To further elucidate the contribution of specific microbes and their metabolites to cognitive function in AD mice, we used a correlation network to identify additional microbiome/metabolite neurofunction associations. Correlation analyses suggested that many behavioral and neurological symptoms were differentially affected by specific microbiota and their production of SCFAs (Figure 8B). The abundance of acetate-producing bacteria, such as Turicibacter and Oscillospira, displayed a positive correlation with the levels of FNDC5 and BDNF. Notably, the level of Aβ1-42 was negatively correlated with butyrate concentrations. While this correlational approach allowed us to identify potential drivers of fecal microbiota-induced cognitive improvements, it could not identify specific microbes that may be most relevant for proper brain function.

4. Discussion

Although many studies suggest the use of probiotics as a gut microbiota-targeted strategy to combat AD, the exact mechanism underlying the probiotic-mediated amelioration of AD is not clearly understood. In this study, we revealed that B. breve exhibits strain-specific effects to alleviate AD comorbidities. B. breve CCFM1025 and WX had particularly marked effects on alleviating cognitive impairment and neuroinflammation via the gut microbiota–brain axis during AD progression.

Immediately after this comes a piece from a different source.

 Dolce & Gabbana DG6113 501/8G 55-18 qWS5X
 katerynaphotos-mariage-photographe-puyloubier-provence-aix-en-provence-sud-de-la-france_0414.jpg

The intrahippocampal injection of Aβ1-42 into mice generates one of the most useful animal models of AD, as it can lead to cognitive deficits that resemble AD [24]. We therefore established an Aβ1-42-treated mouse model and evaluated the protective effects of five B. breve strains against cognitive impairment using a series of behavioral assays. Compared to the control mice, Aβ1-42-treated mice developed AD hallmarks, including cognitive deficits, reduced alternation behavior and total arm entries in a Y-maze, a reduced latency time in passive avoidance tests, and a slower acquisition of escape latency in MWM tasks (Figure 2). By contrast, treatment with CCFM1025 or MY improved the outcomes for these mice in all three behavioral tests, consistent with the results of previous studies using Lactobacillus and Bifidobacterium probiotic strains that were tested both individually and as cocktails [14,17,18,25].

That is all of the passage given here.